Am 2018-04-05 16:00, schrieb Josef via Unbound-users:
Hi list
What I experience is that dns queries to domains i never queried before (thus making sure the query i not cached) is "slow" on on unbound. A query to such a domain can easily take some hundreds milliseconds, whereas on the Firewall resolver, the same querry is rarely higher than 100 ms. A second querry is alway very fast (0-1 ms), which is no surprise. When I run the provided warmup script from the package (also available here: https://github.com/breadwallet/unbound/blob/master/contrib/warmup.sh) this takes about 25 - 35 seconds when run for the first time. # time /root/bin/warmup.sh ... real 0m28.128s Is this normal? What are your experiences? What could be the reason for the diverging query times on the firewall resolver and unbound?

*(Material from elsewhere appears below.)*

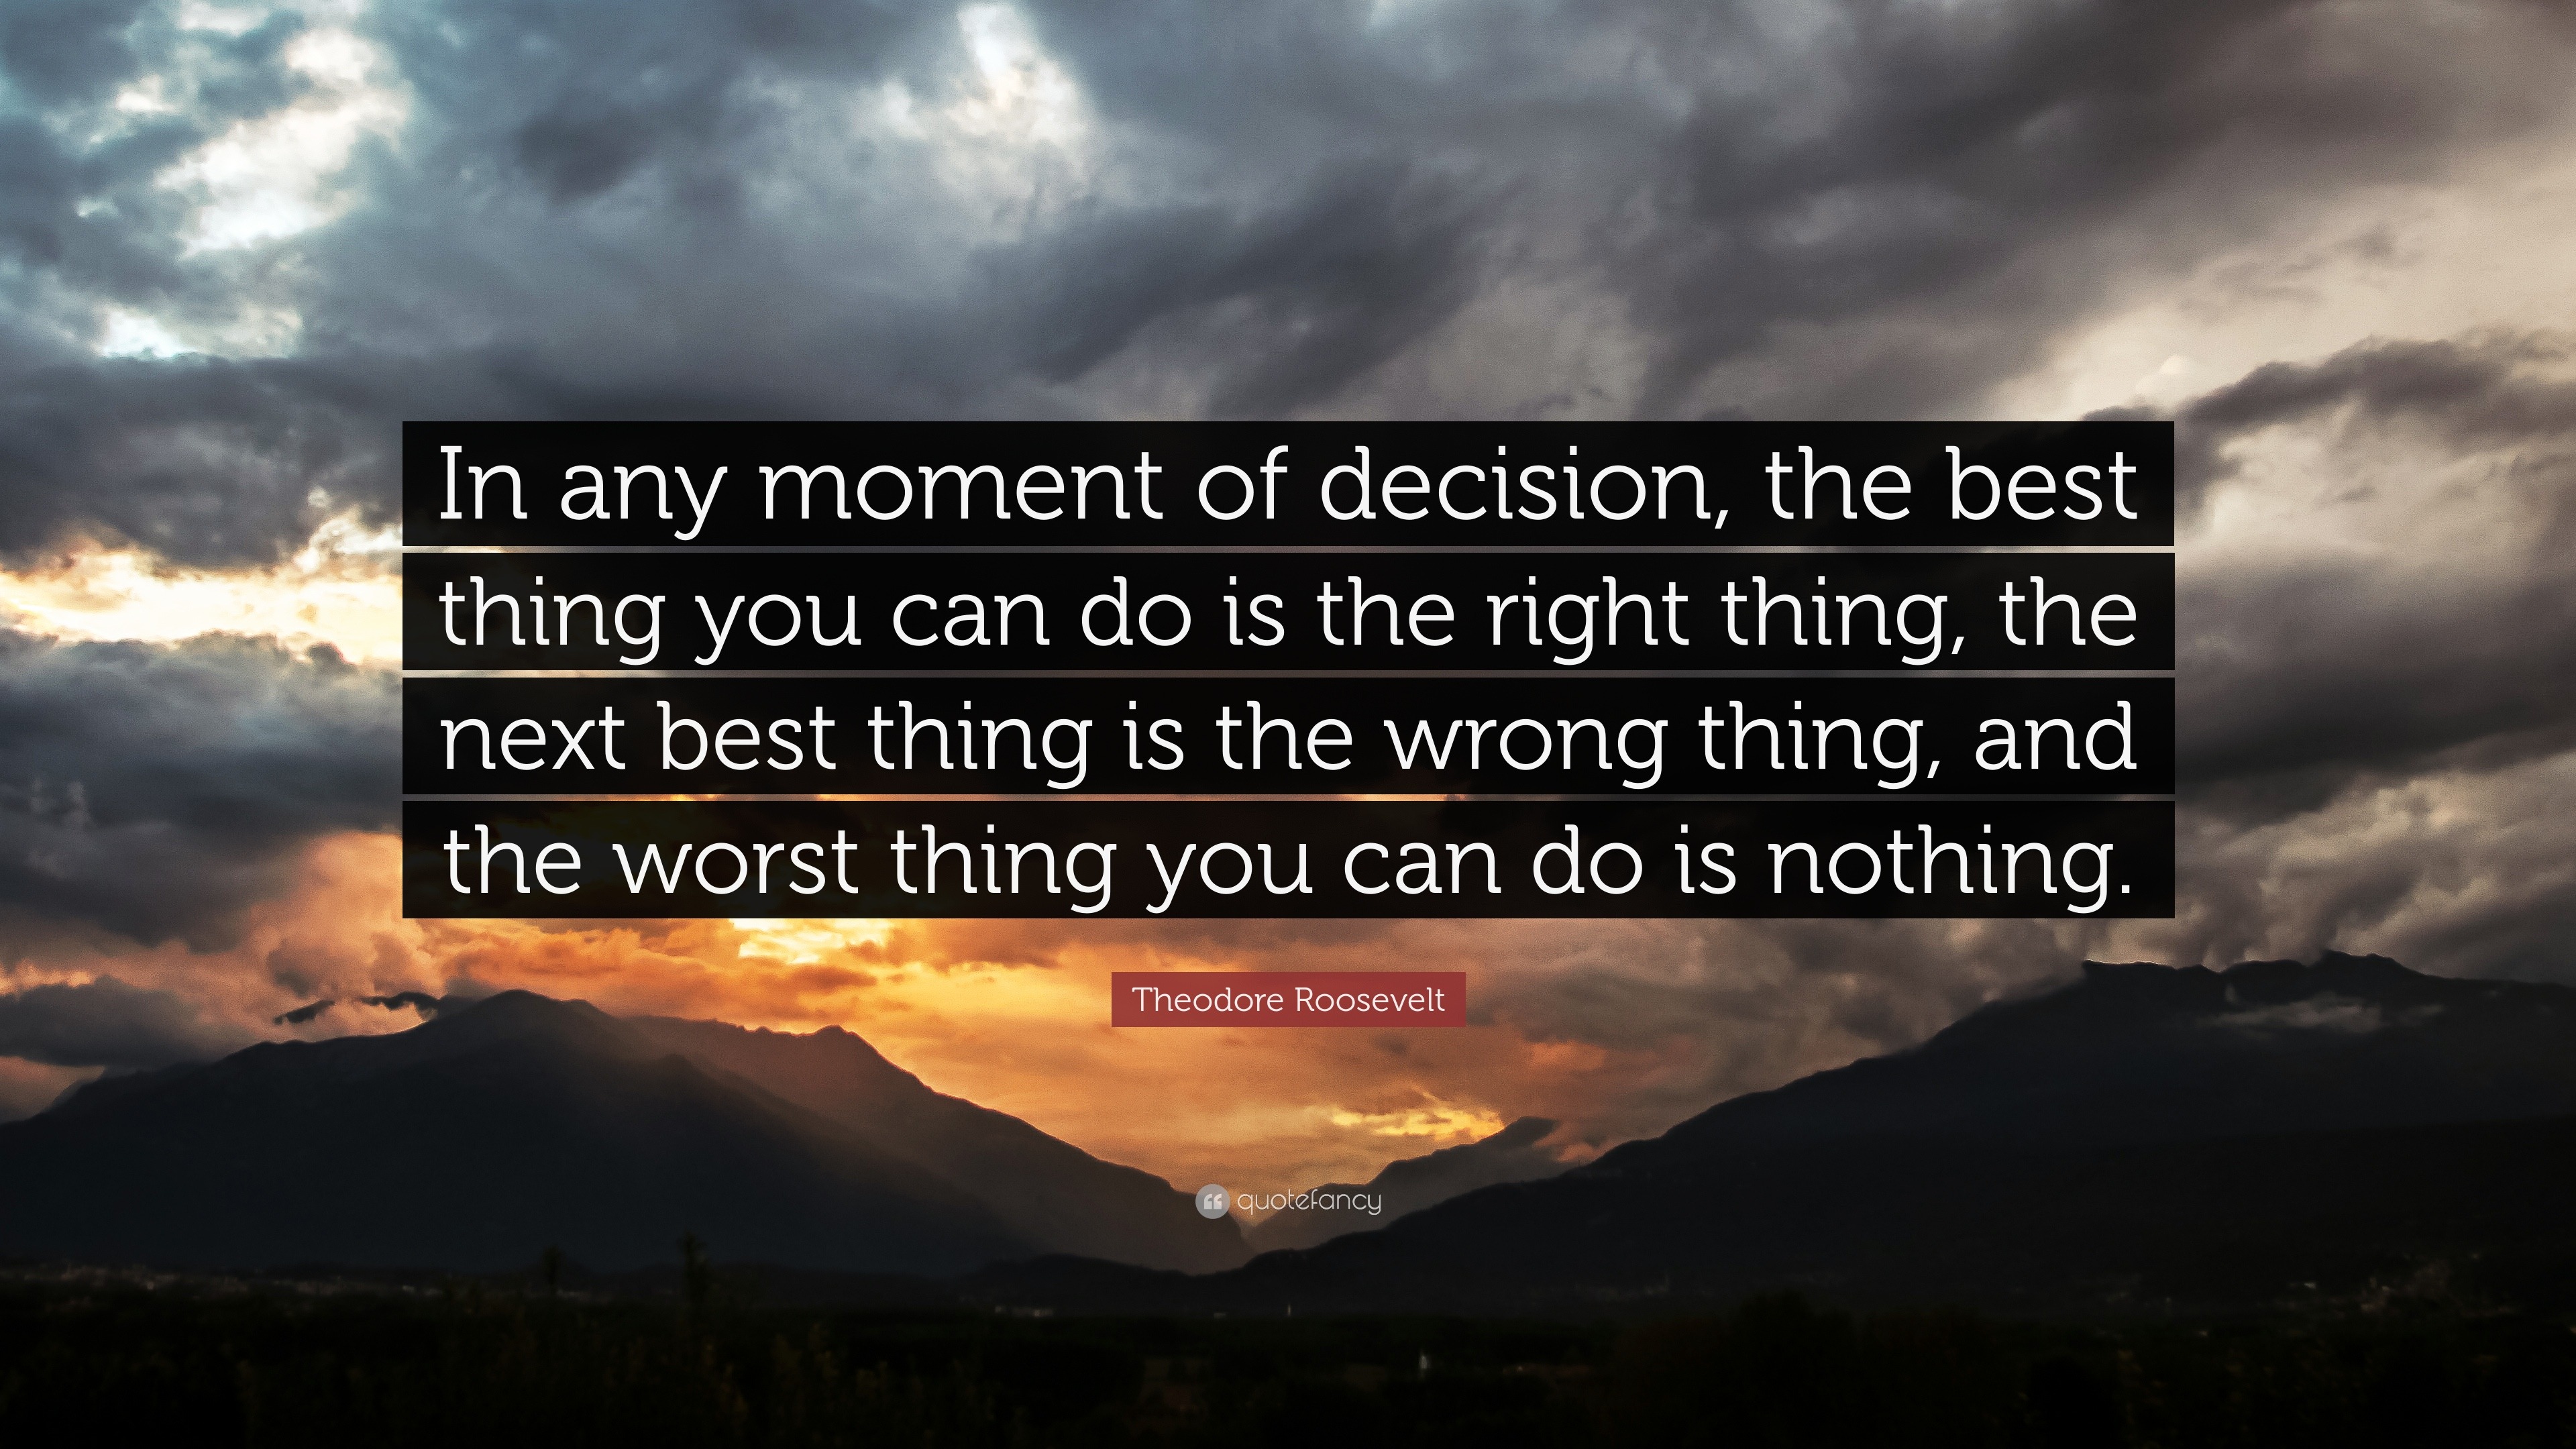 Theodore Roosevelt Quote: “In any moment of decision, the best thing

What I did not take into account was the following: when quering for example en.wikipedia.org there is a query for the root server, for the top level domain, for the domain, and the subdomain. Using dig +trace helped me figuring out that the top level domain query takes usually the most time, some hundred ms. However, this is only the case when first quering this top level domain. This means the dns speed should increase over time because the top level domains are already in cache - which is exactly what I am experiencing.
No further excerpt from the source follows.